= Recursive self-improvement =

Concept in artificial intelligence

Recursive self-improvement (RSI) is a hypothesized process in which artificial general intelligence (AGI) systems rewrite their own computer code, causing an intelligence explosion resulting from enhancing their own capabilities and intellectual capacity, theoretically resulting in superintelligence. Numerous attempts at RSI have been made, none so far showing any sign of intelligence explosion or superintelligence.

The development of recursive self-improvement raises significant ethical and safety concerns, as such systems may evolve in unforeseen ways and could potentially surpass human control or understanding.

== Seed improver ==
The concept of a "seed improver" architecture is a foundational framework that equips an AGI system with the initial capabilities required for recursive self-improvement. This might come in many forms or variations.

The term "Seed AI" was coined by Eliezer Yudkowsky.

=== Hypothetical example ===
The concept begins with a hypothetical "seed improver", an initial code-base developed by human engineers that equips an advanced future large language model (LLM) built with strong or expert-level capabilities to program software. These capabilities include planning, reading, writing, compiling, testing, and executing arbitrary code. The system is designed to maintain its original goals and perform validations to ensure its abilities do not degrade over iterations.

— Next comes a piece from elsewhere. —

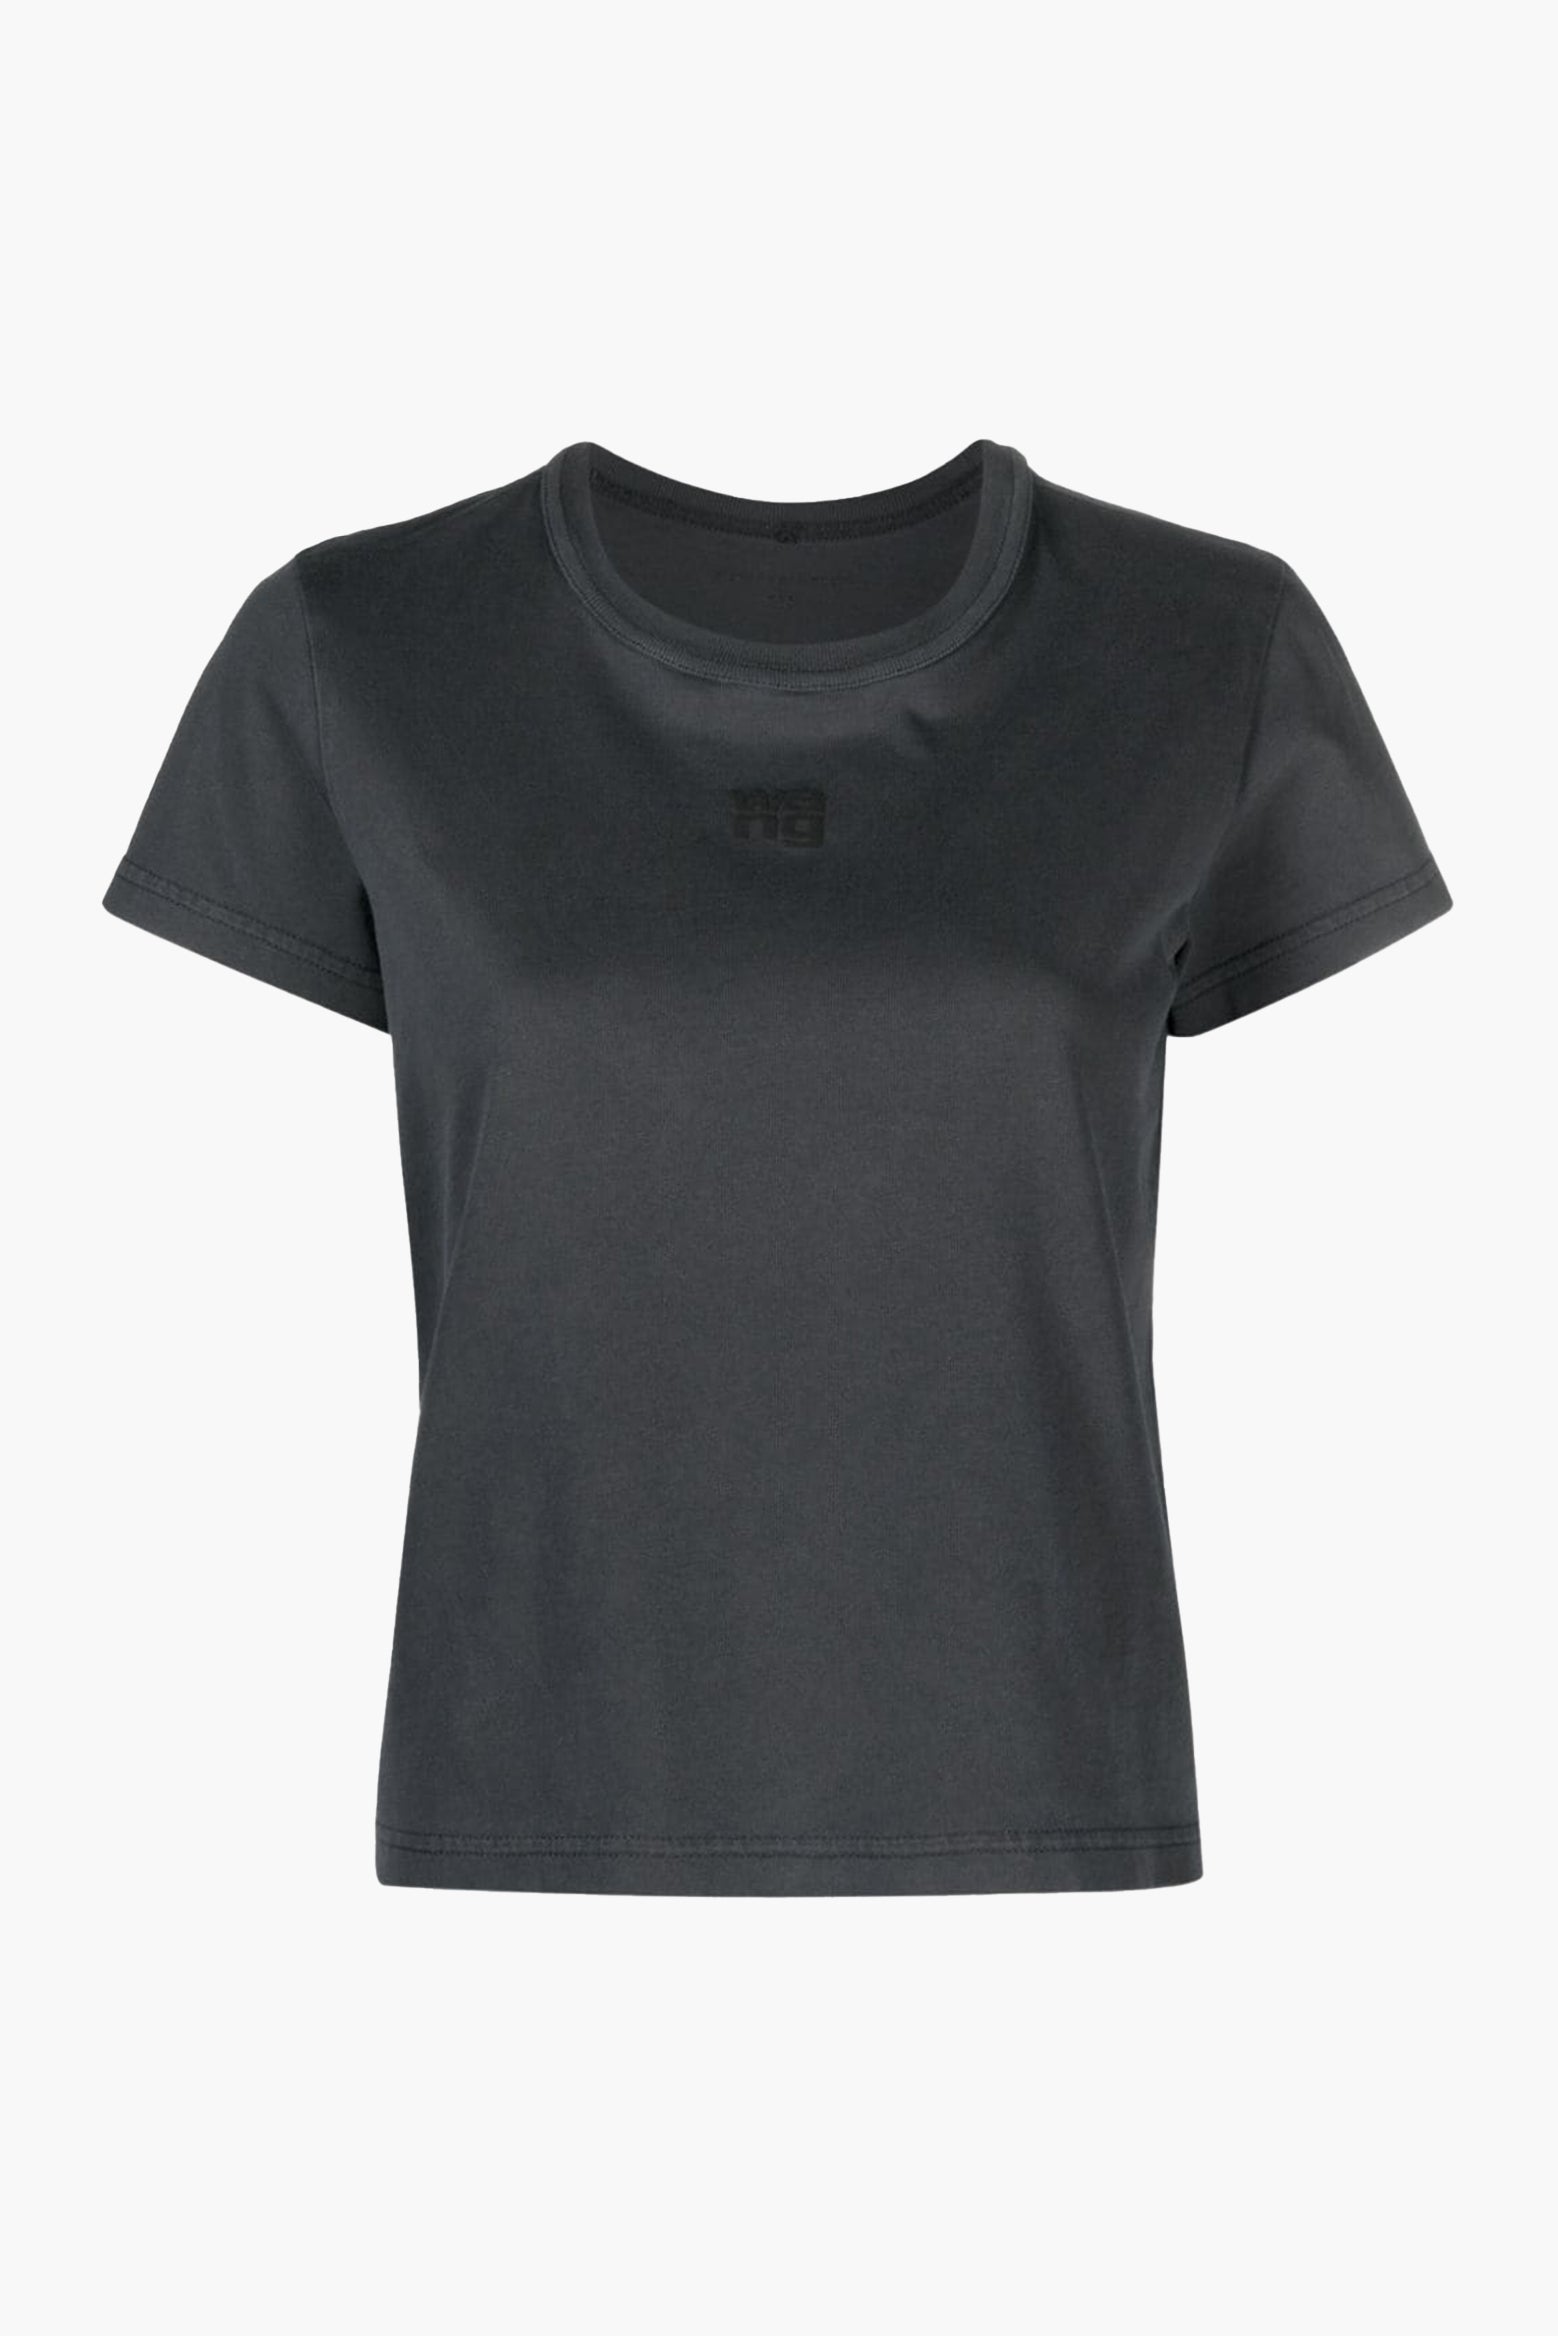 The Alexander Wang Esssential JSY Shrunk Tee W Puff Logo And Bound Neck in Soft Obsidian available at The New Trend Australia

==== Initial architecture ====
The initial architecture includes a goal-following autonomous agent, that can take actions, continuously learns, adapts, and modifies itself to become more efficient and effective in achieving its goals.

The seed improver may include various components such as:

- Recursive self-prompting loop
  Configuration to enable the LLM to recursively self-prompt itself to achieve a given task or goal, creating an execution loop which forms the basis of an agent that can complete a long-term goal or task through iteration.
- Basic programming capabilities
  The seed improver provides the AGI with fundamental abilities to read, write, compile, test, and execute code. This enables the system to modify and improve its own codebase and algorithms.
- Goal-oriented design
  The AGI is programmed with an initial goal, such as "improve your capabilities". This goal guides the system's actions and development trajectory.
- Validation and Testing Protocols
  An initial suite of tests and validation protocols that ensure the agent does not regress in capabilities or derail itself. The agent would be able to add more tests in order to test new capabilities it might develop for itself. This forms the basis for a kind of self-directed evolution, where the agent can perform a kind of artificial selection, changing its software as well as its hardware.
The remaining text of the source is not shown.